Abstract:
Vast community-driven knowledge graphs (KGs), such as Wikidata, are the primary reference data sources for Entity Linking (EL) applications. However, they exhibit significant coverage bias towards information that is widely popular on the Web, leading to underrepresentation of long-tail entities, particularly from non-contemporary contexts. Concurrently, the ongoing mass digitisation of cultural heritage resources reveals numerous named entities and associated knowledge that are currently missing from general-purpose KGs. Enriching such KGs with these ``NIL'' entities offers an opportunity to improve completeness and mitigate biases, such as gender disparities in the representation of historical figures.

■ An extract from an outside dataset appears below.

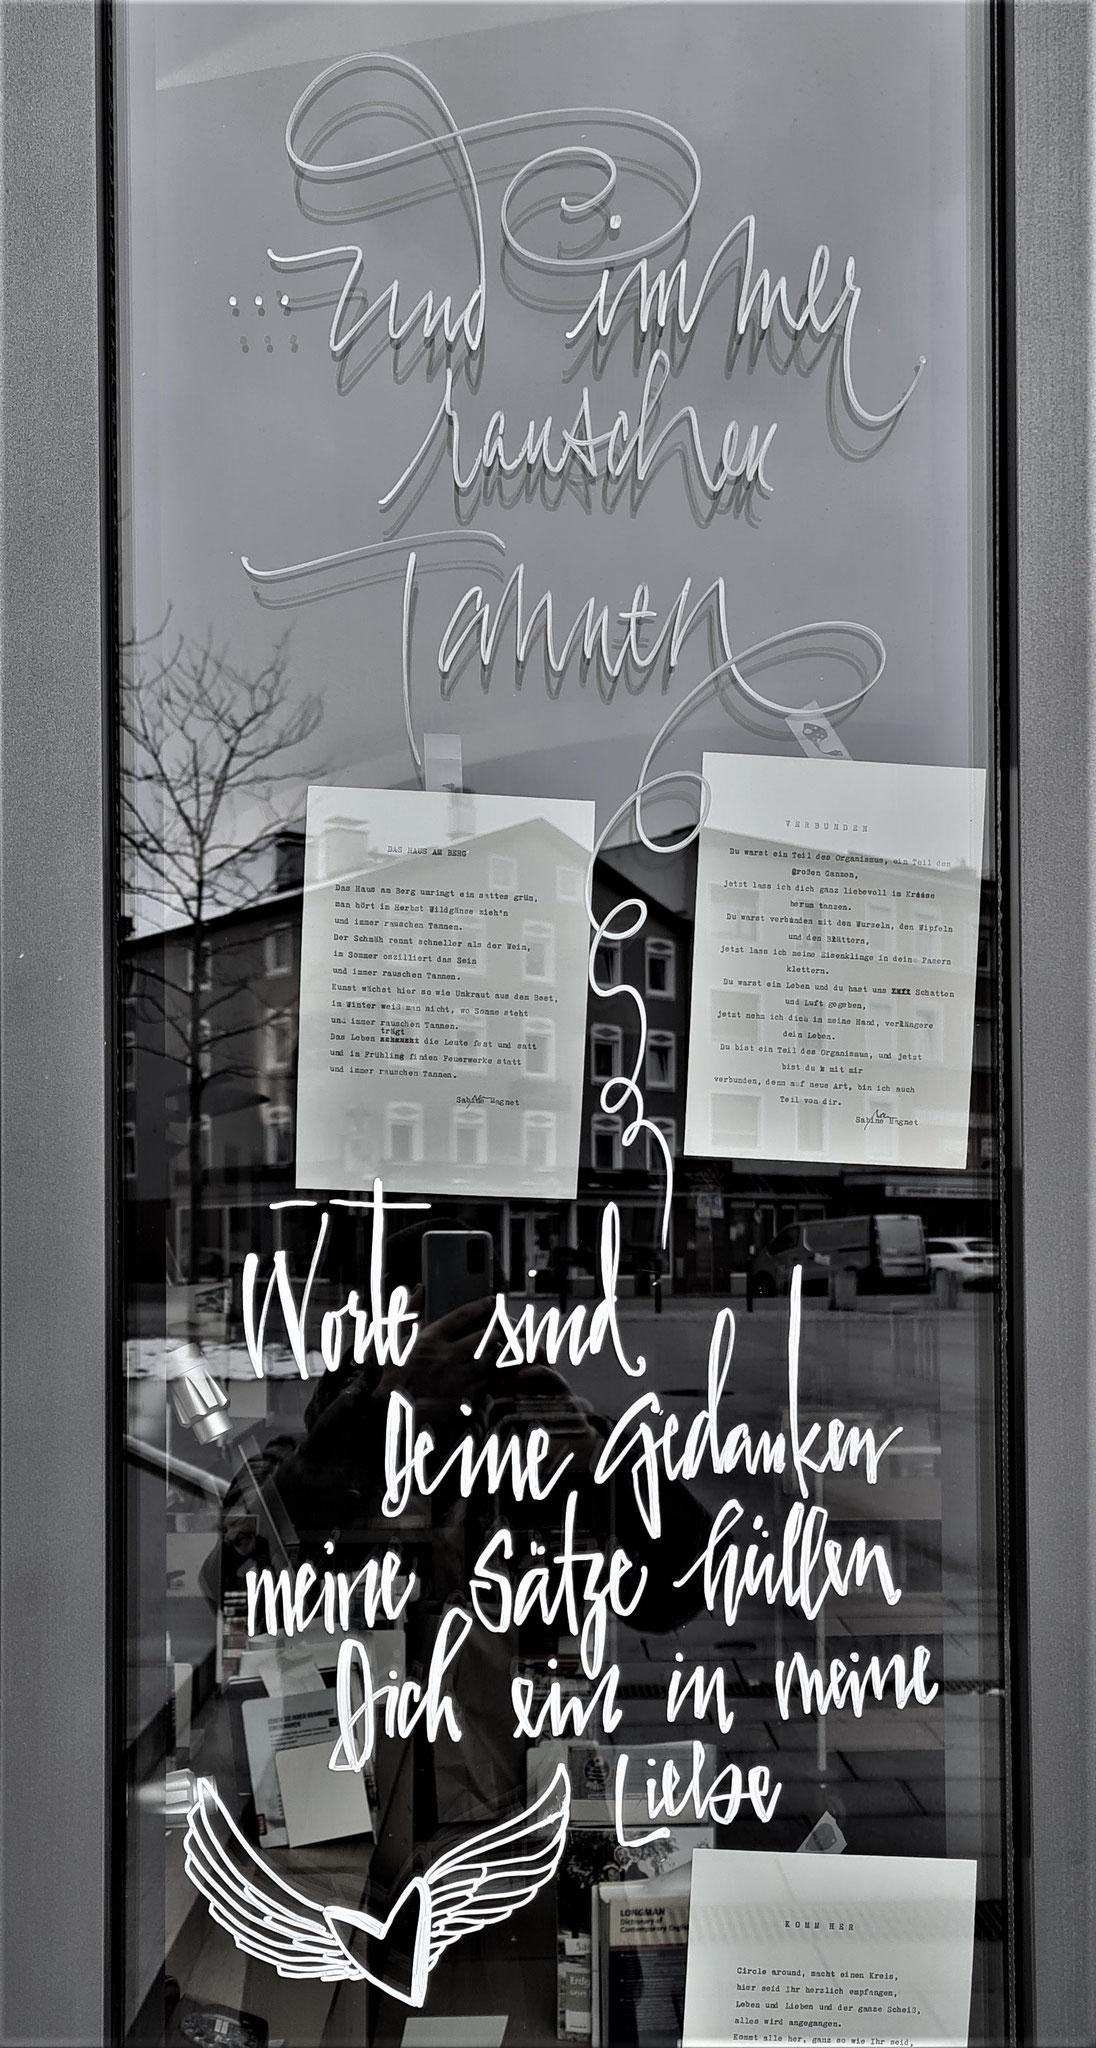 SchaufensterCalligraphy zu Poetry to go von Sabine Magnet
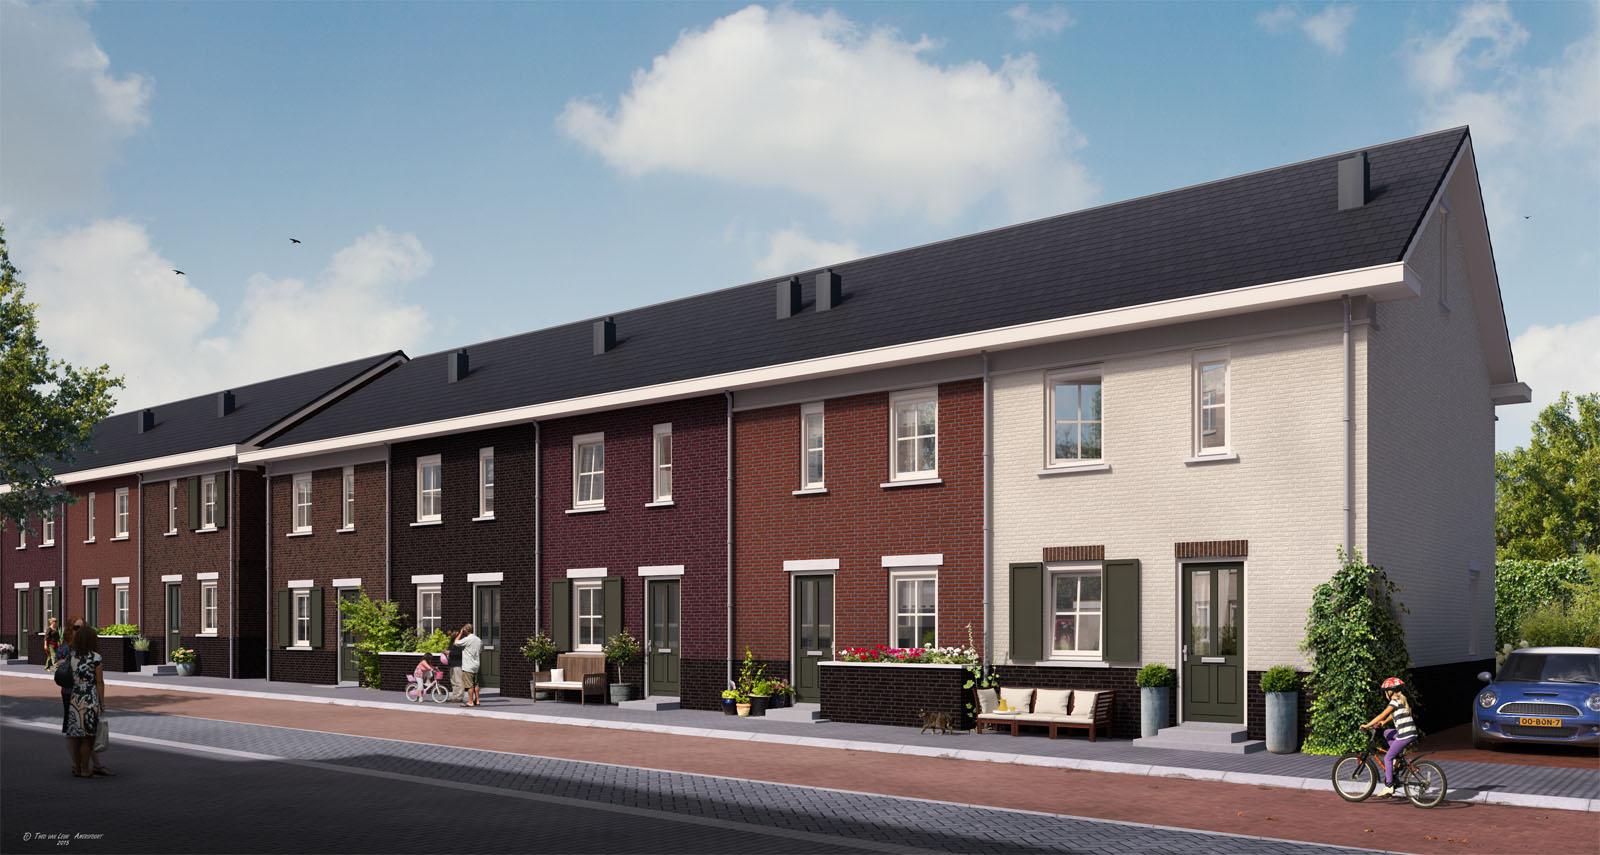 1845,0 AM - De Laares Enschede - 17 woningen Begoniastraat - cam 01_72dp...

In this article, we investigate an approach based on retrieval-augmented generative AI to capture information about NIL entities and generate structured KGs suitable for integration into Wikidata.
The approach is applied to the case of persons unknown to Wikidata who are mentioned in a collection of 19th-century musical periodicals. We empirically select 6 properties from Wikidata for entities of that type and create a manually annotated NIL-entities KG as the gold standard for evaluation.
Through comprehensive experiments, we evaluate 6 State-of-the-Art Large Language Models (LLMs) from different vendors, combined with 6 different State-of-the-Art retrievers.
Our results demonstrate significant variations in performance across model-retriever combinations, with a high accuracy for gender identification and family name, promising results for occupation and country of citizenship, and low accuracy for date of birth.
We report a detailed error analysis and discuss the potential of our approach to mitigate historical bias in Wikidata.